The only way I can deal with all of this is to write back to absolutely every single one, even my best friend, and say, “No, I will not write anything on the back of anybody’s book, ever.” And I say that if I write a review, then obviously you can quote my review, but that’s public. I don’t like the private back scratching, and also the only way I can cope with the people is to make it quite clear to them that I won’t even consider it.

NAB: Briefly, to get back to Possession, was that a liberating book for you in that it’s been called the breakthrough book?

ASB: Yes, it was a breakthrough book, and it was a liberating book, partly because it actually was quite easy to write—although it looks very complicated—and partly because everybody liked it so much. Almost nobody disliked it, as far as I can see, which ought to make one a bit suspicious of it.

NAB: Are you fearful of so much public approbation?

ASB: Well, what I feel is that after that much public approbation, this sort of cut-and-thrust young journalist will decide that you need taking down a peg or two, that you need to be cut down to size.
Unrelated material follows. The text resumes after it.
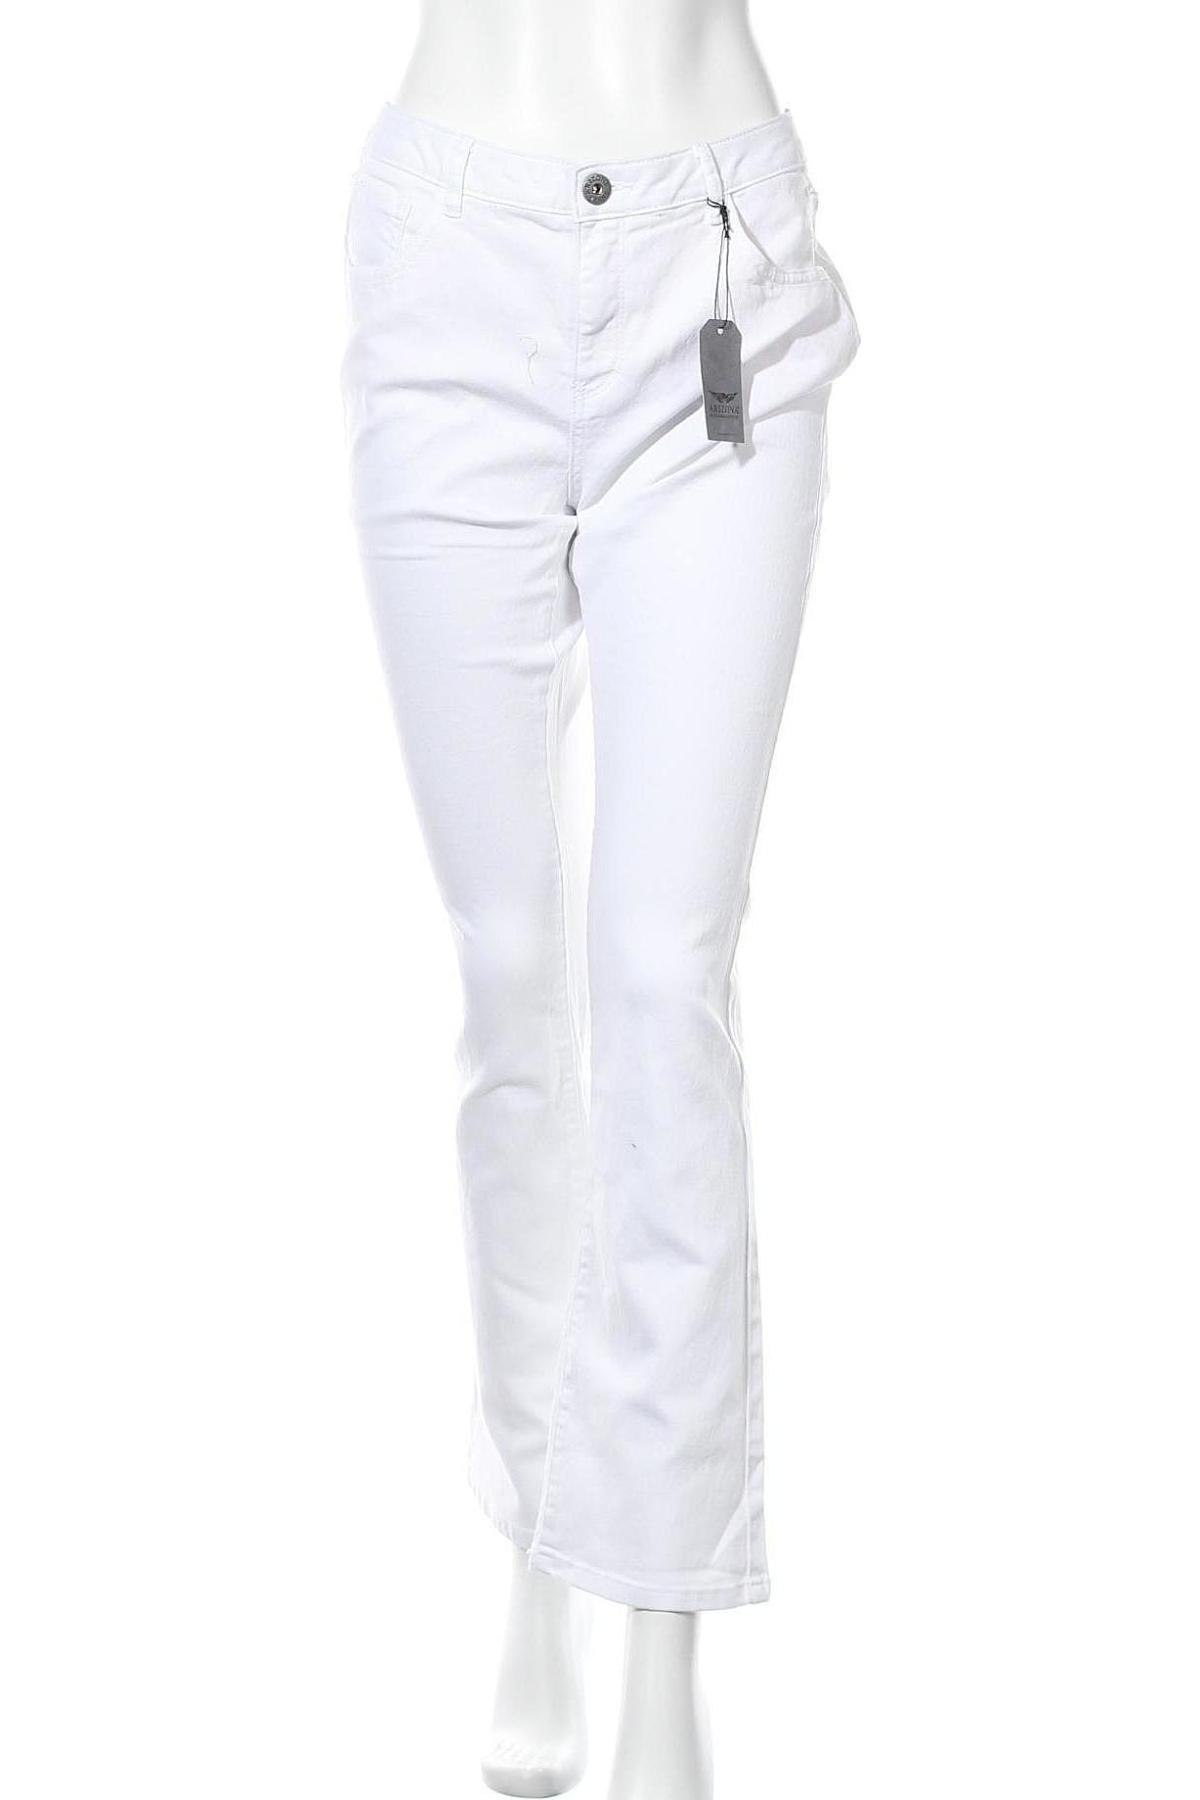 Дамски дънки Arizona, Размер L, Цвят Бял, 65% памук, 33% полиестер, 2% еластан, Цена 39,50лв.
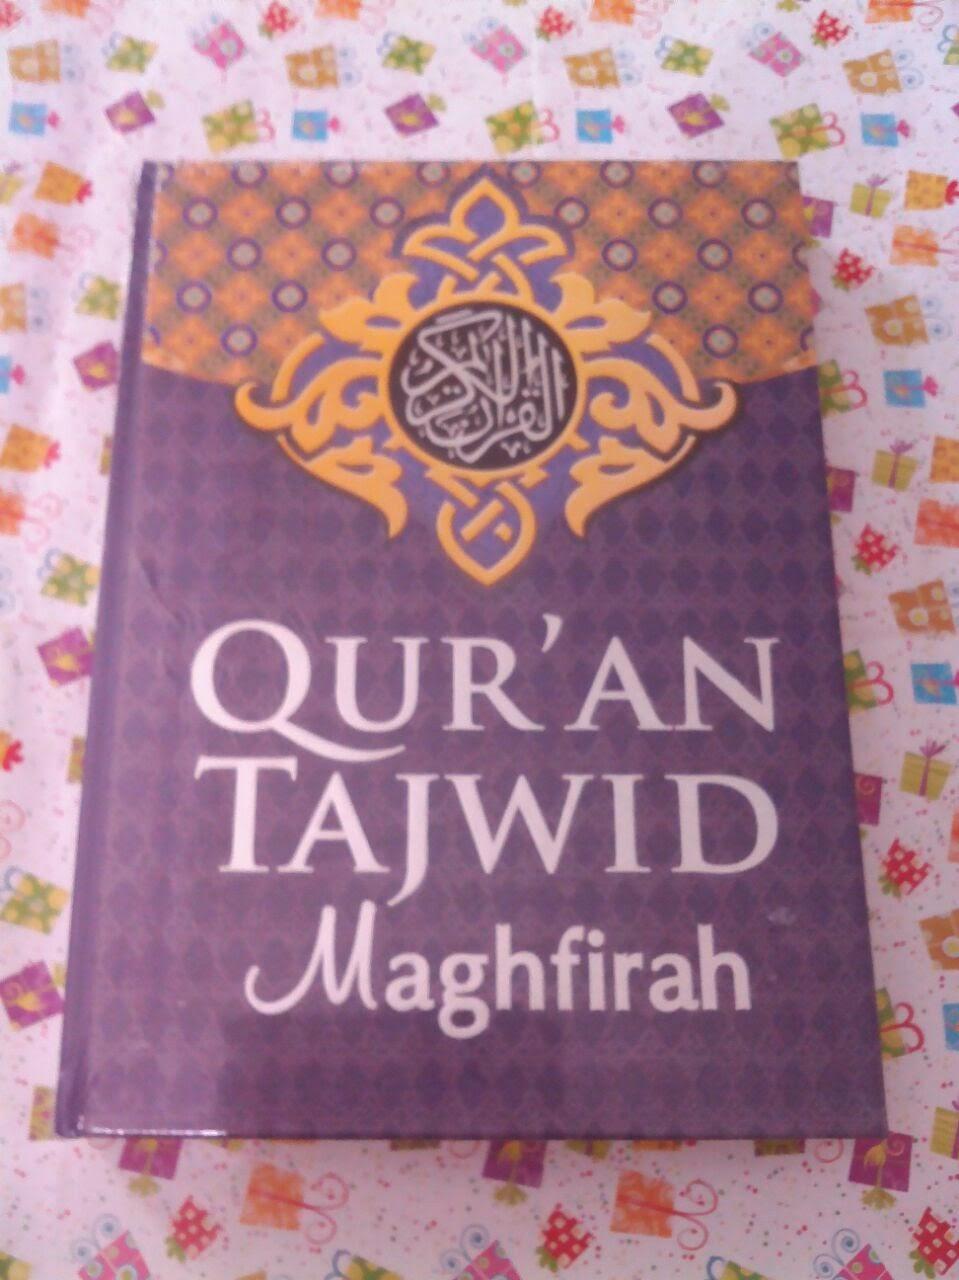 al quran rainbow tajwid, al quran rainbow tajwid maghfirah al-hakam, al quran rainbow tajwid al-hakam murah

They think somehow that because you have been well received you must now be mocked, and this is very tedious. I’ve seen it happen to other people so much that I know it’s not personal.

I’m not very good at being famous. On the whole, I would much rather be at home writing a book than being on a book tour. But it is nice having the money, apart from anything else.

NAB: What do you feel about books in the future? Do you have a sense?

ASB: I have two or three contradictory senses. I tell you, if you haven’t happened to already have heard or seen it, George Steiner has been giving a brilliant series of lectures on books of the future. He gave a brilliant one I heard in Cambridge last summer, and he has a son who teaches—I think this is right—he has a son who teaches disadvantaged children in North Carolina, and he goes there with holograms and CD-ROMs. He can offer them the whole of the Library of Congress and the whole of the British Library on these CD-ROMs, although these kids do not have the money to buy a book, and he said this is good. And he has a daughter who is an anthropologist or some sort of something, or Sinologist, I forget, but she is somewhere in Harvard or Yale, and she enviously communicates her papers by sticking them into the Internet and immediately getting comments back on e-mail. She’s connected into the major people. Now this obviously is going to make a physical book less necessary, but I still think there will be physical books, because I think people will continue to want to carry them about in their pockets and read them in airplanes.

NAB: Were you surprised by the American reaction to Possession?

ASB: No, I don’t think I was. I always felt that my earlier books, if they had gone into paperback, the Americans would have liked them. And in fact when they did go into paperback, the Americans did like them. One of the good results of Possession was that Still Life then went into paperback and sat on the New York Times paperback bestseller list for quite a long time, which was unexpected. Nobody had bothered to put it into print. I think the thing about Possession appealing to the Americans that most pleased me was that they do seem to like all the others. All the others are now in print, and they are staying in print.